Figure 4 includes three pictures of the systems virtual display in use. In each of the three images the tracked finger position (displayed as cylinders for fingers and spheres for fingertips) is displayed with a digital object for interaction. The first image contains a simple 2D triangle with tracked fingers, the second image contains heightmap data and fingers (a topographical map of the surface of the moon) and the final picture incudes a 3D object known as a torus that displayed as a wireframe mesh.

Implications for Practitioners and Families

Here we present a new proof of concept platform in the form of a haptic display designed to augment visually impaired learning. The device is inexpensive, simple to use, and provides an interface to load 3D objects, 2D images, and terrain/height map-based data.

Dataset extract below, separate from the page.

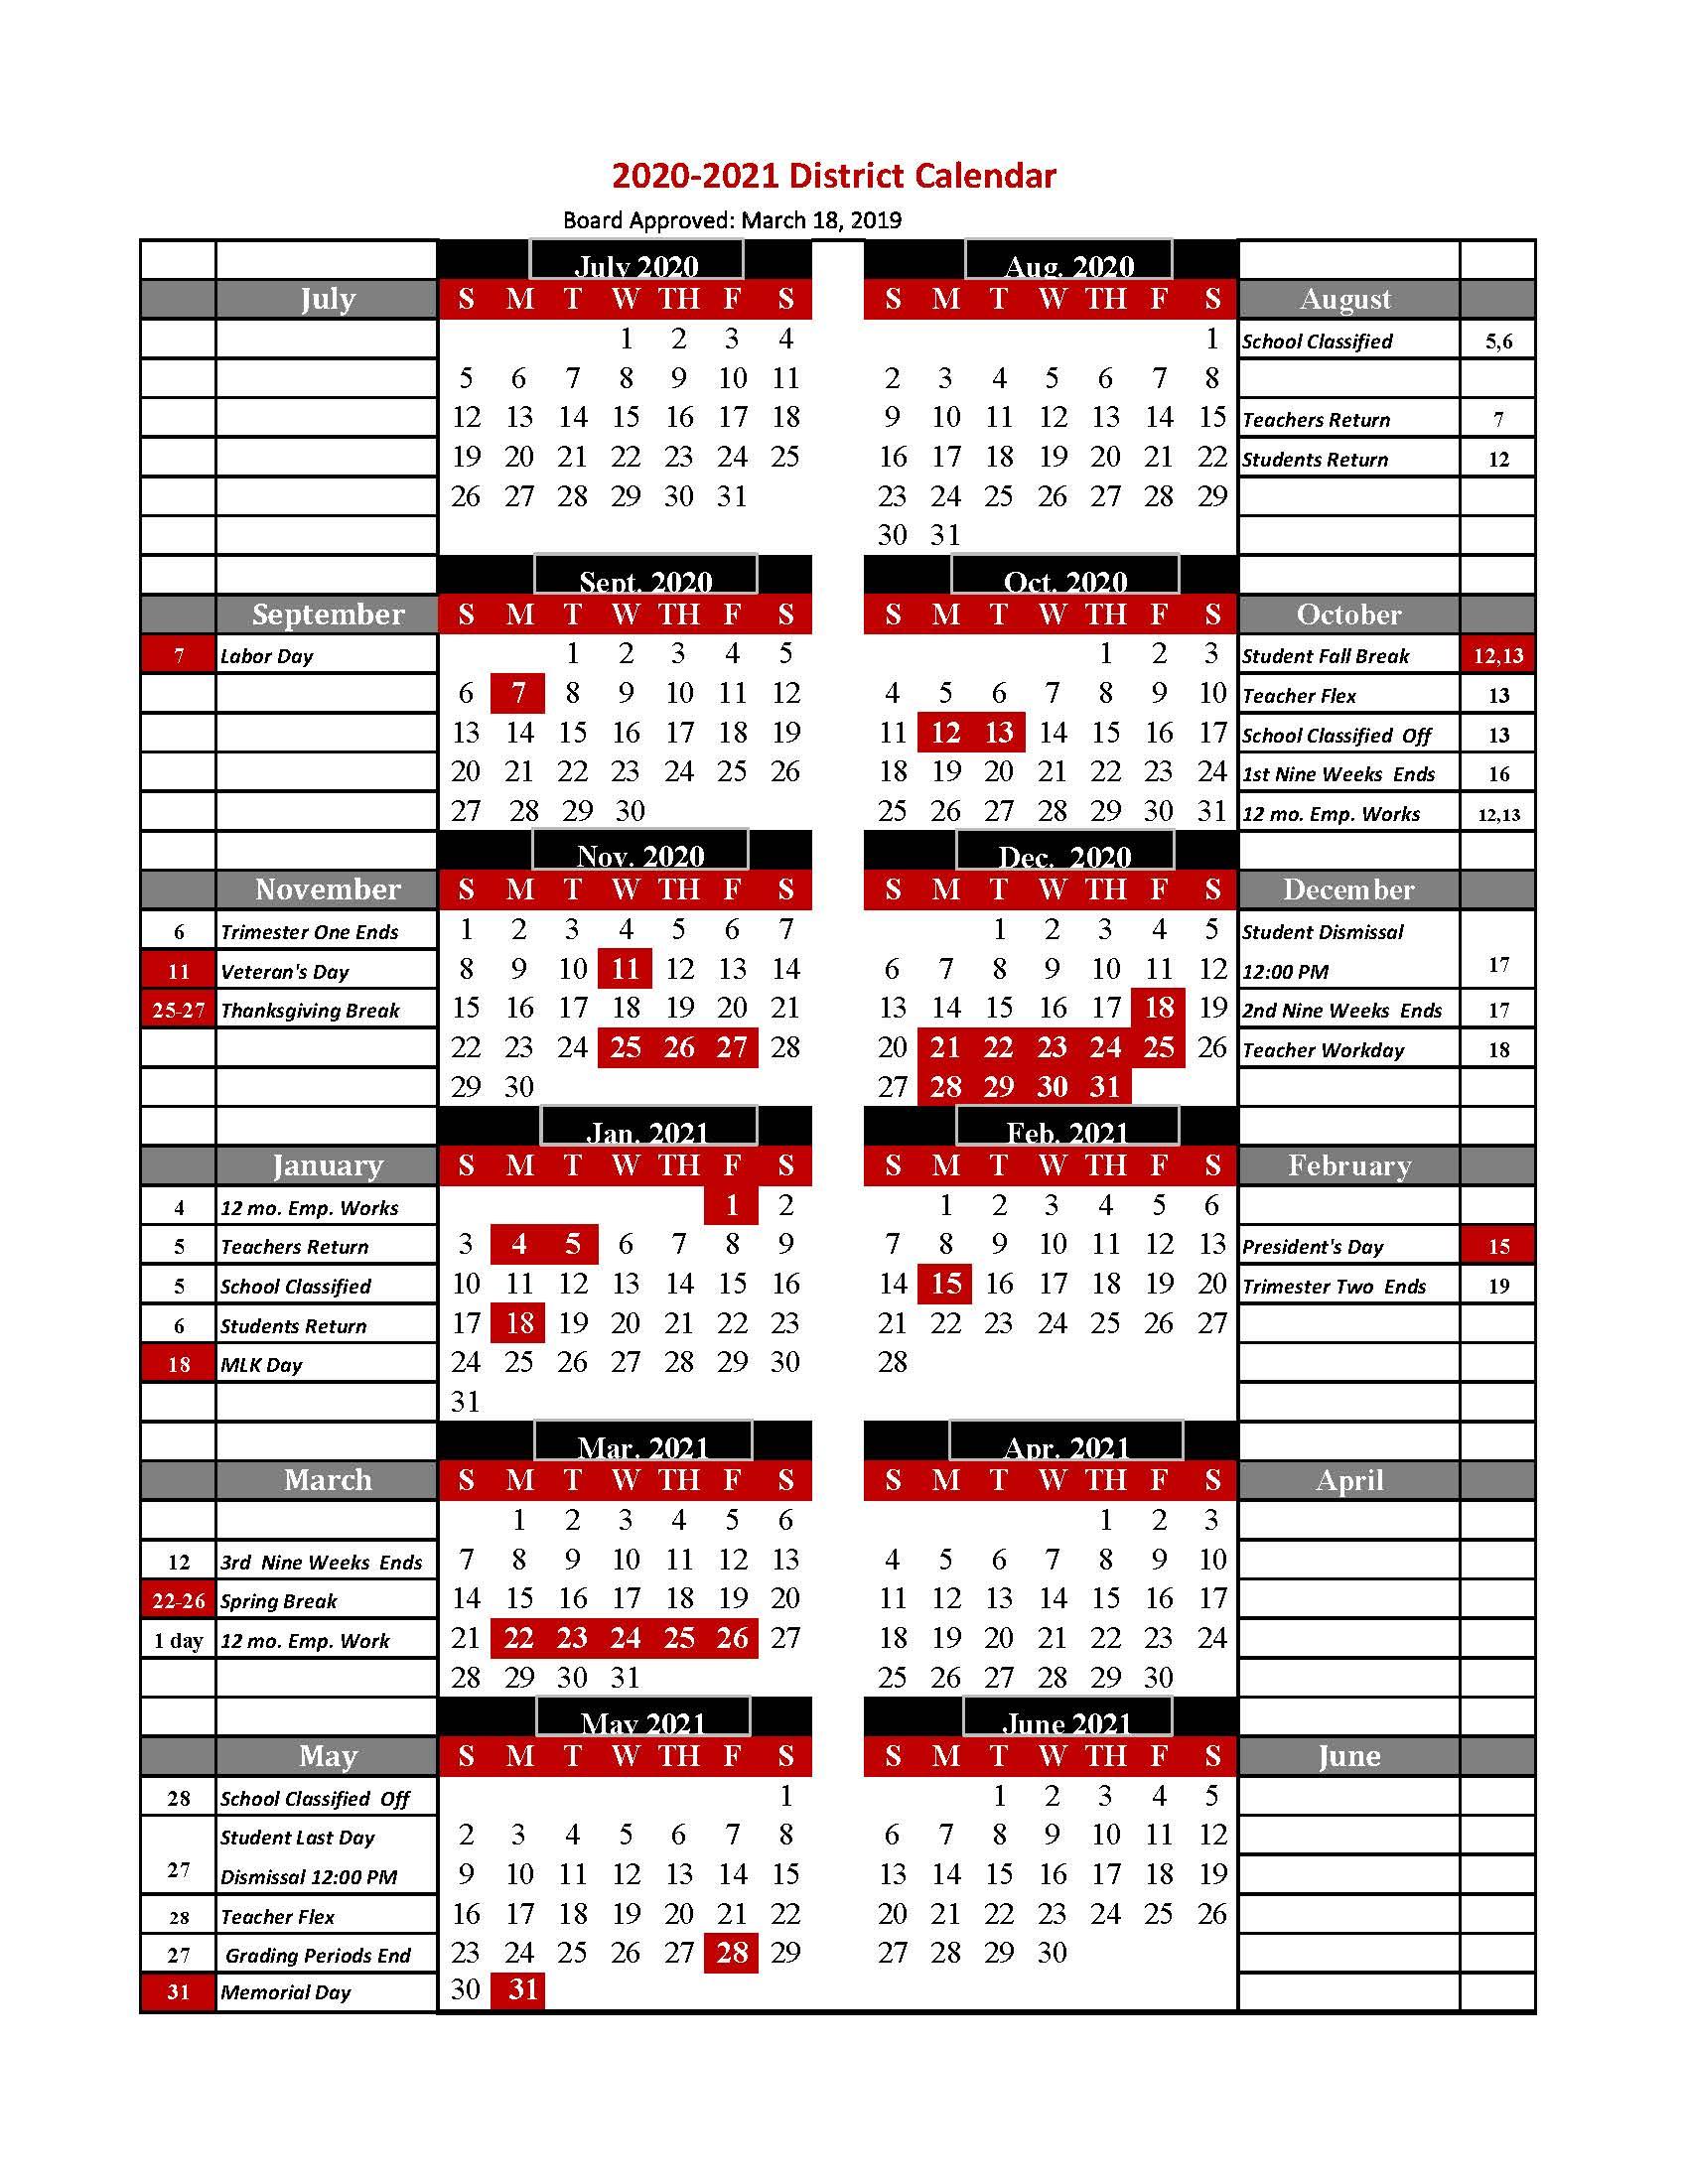 Tcs Calendar 2020 2021 / 2020 2021 Tcs Calendar Regarding Chamberlain Academic Calendar 2020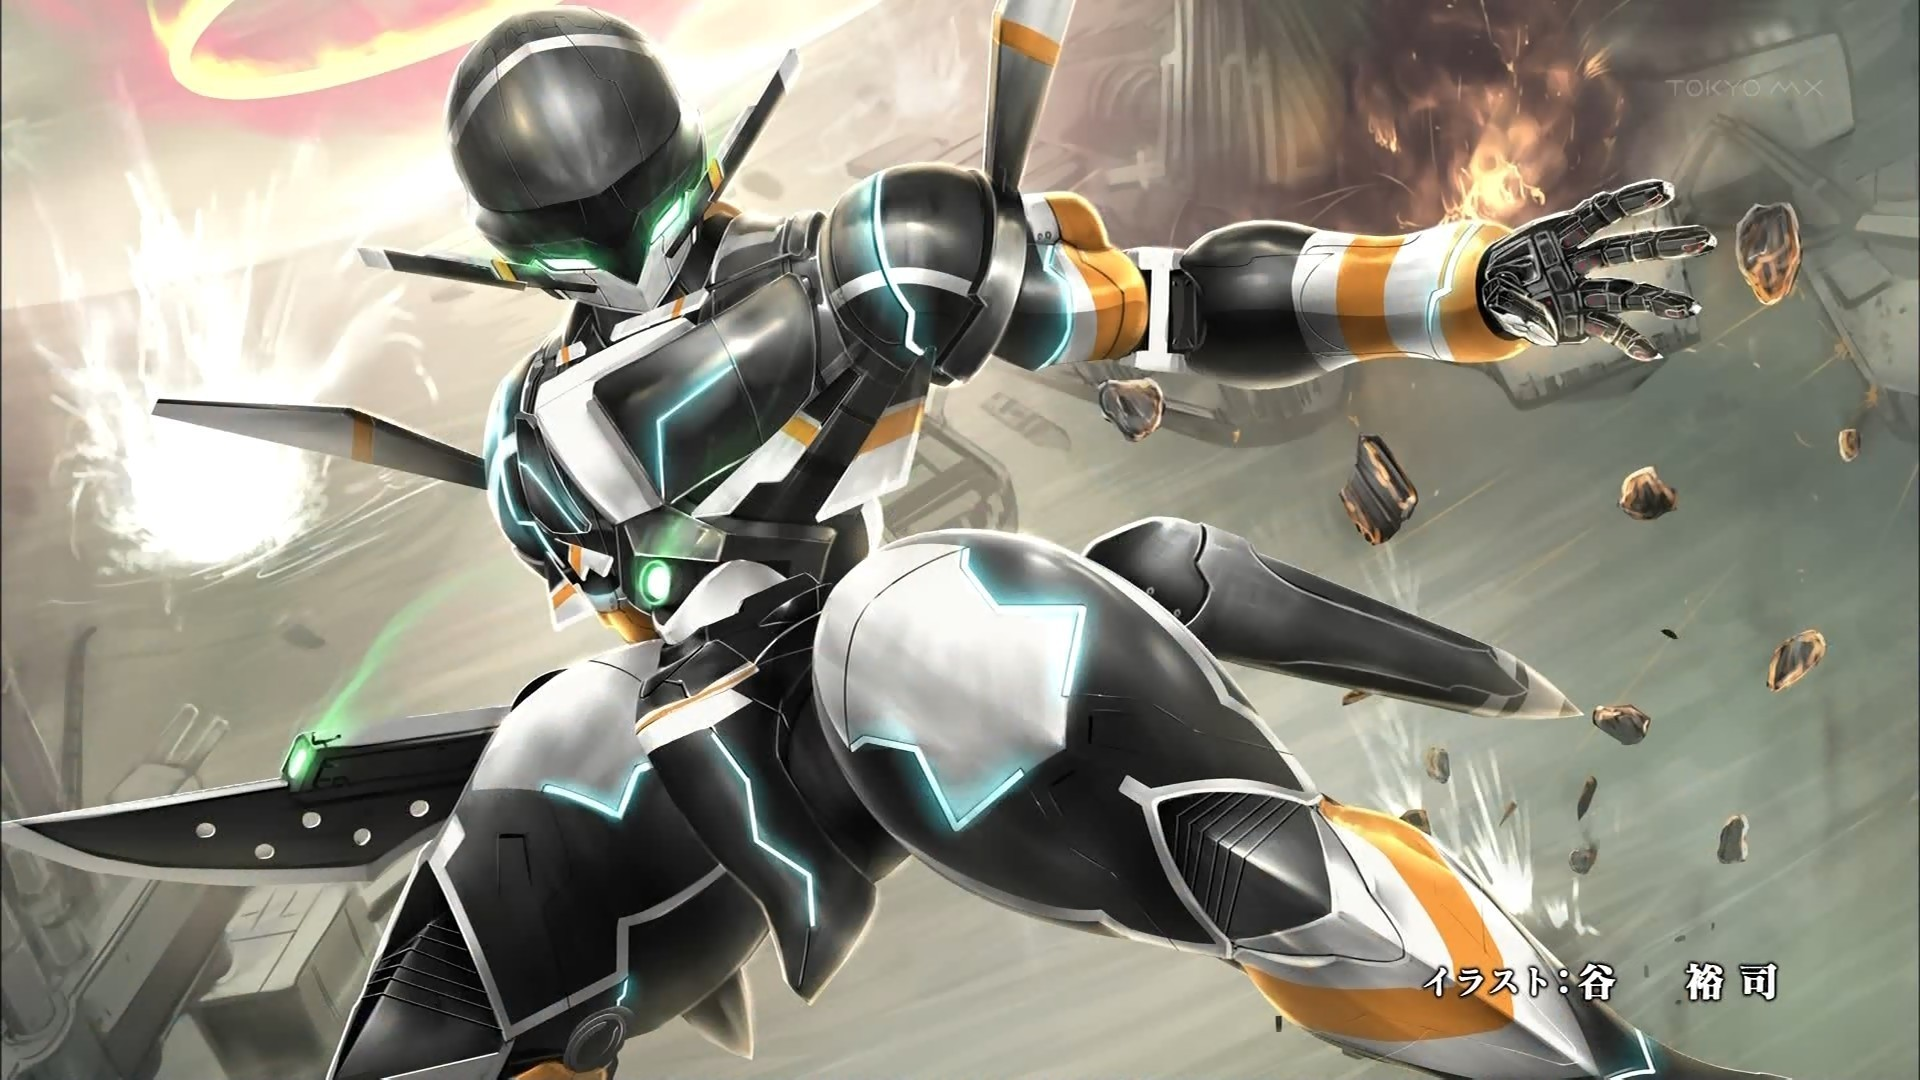 Suisei No Gargantia, Anime, Mech, Chamber (Suisei No Gargantia) Wallpapers  HD / Desktop and Mobile Backgrounds

In practice, the device allows a user to trace an object appearing on top of the virtual display with tactile feedback in the form of vibration motors. Compared to existing systems we have focused on reducing cost (~$100) and providing a simplistic interface without the need for programming. Commercially available systems cost thousands of dollars and require coding knowledge that is prohibitive for most instructors teaching the blind and visually impaired. In addition, the platform may be exploited for use in both 2D and 3D environments whereby the screen is removed and the user may interact with spatial objects. The latter also has potential applications in virtual reality experiences that require the use of hand representations coupled with haptic feedback. Moving forward, we aim to develop specific modules designed to teach foundational concepts to the visually impaired as well as incorporate dynamic data into the system to convey four dimensional concepts. As the new materials are developed we will begin empirically testing efficacy in the lab and classroom, as well as continue our current electroencephalography (EEG) studies designed to further identify neurobiological mechanisms underlying spatial concept formation associated with tactile activation.

The developed platform will impact the learning of disabled students by partially removing visual barriers permitting blind students to visualize virtual objects and concepts through the use of touch. A major benefit of the current platform is the ability to generate a haptic representation of any existing digital object relevant to learning outcomes. With integration into our classroom and development of new learning materials, we will be able to provide enhanced and unique experiences for disabled students aimed at improving their academic competence. In addition, we are in the process of engaging collaborators active in the regional blind community for outreach activities with the blind and visually impaired and we intend to make the products of this project available via an online portal.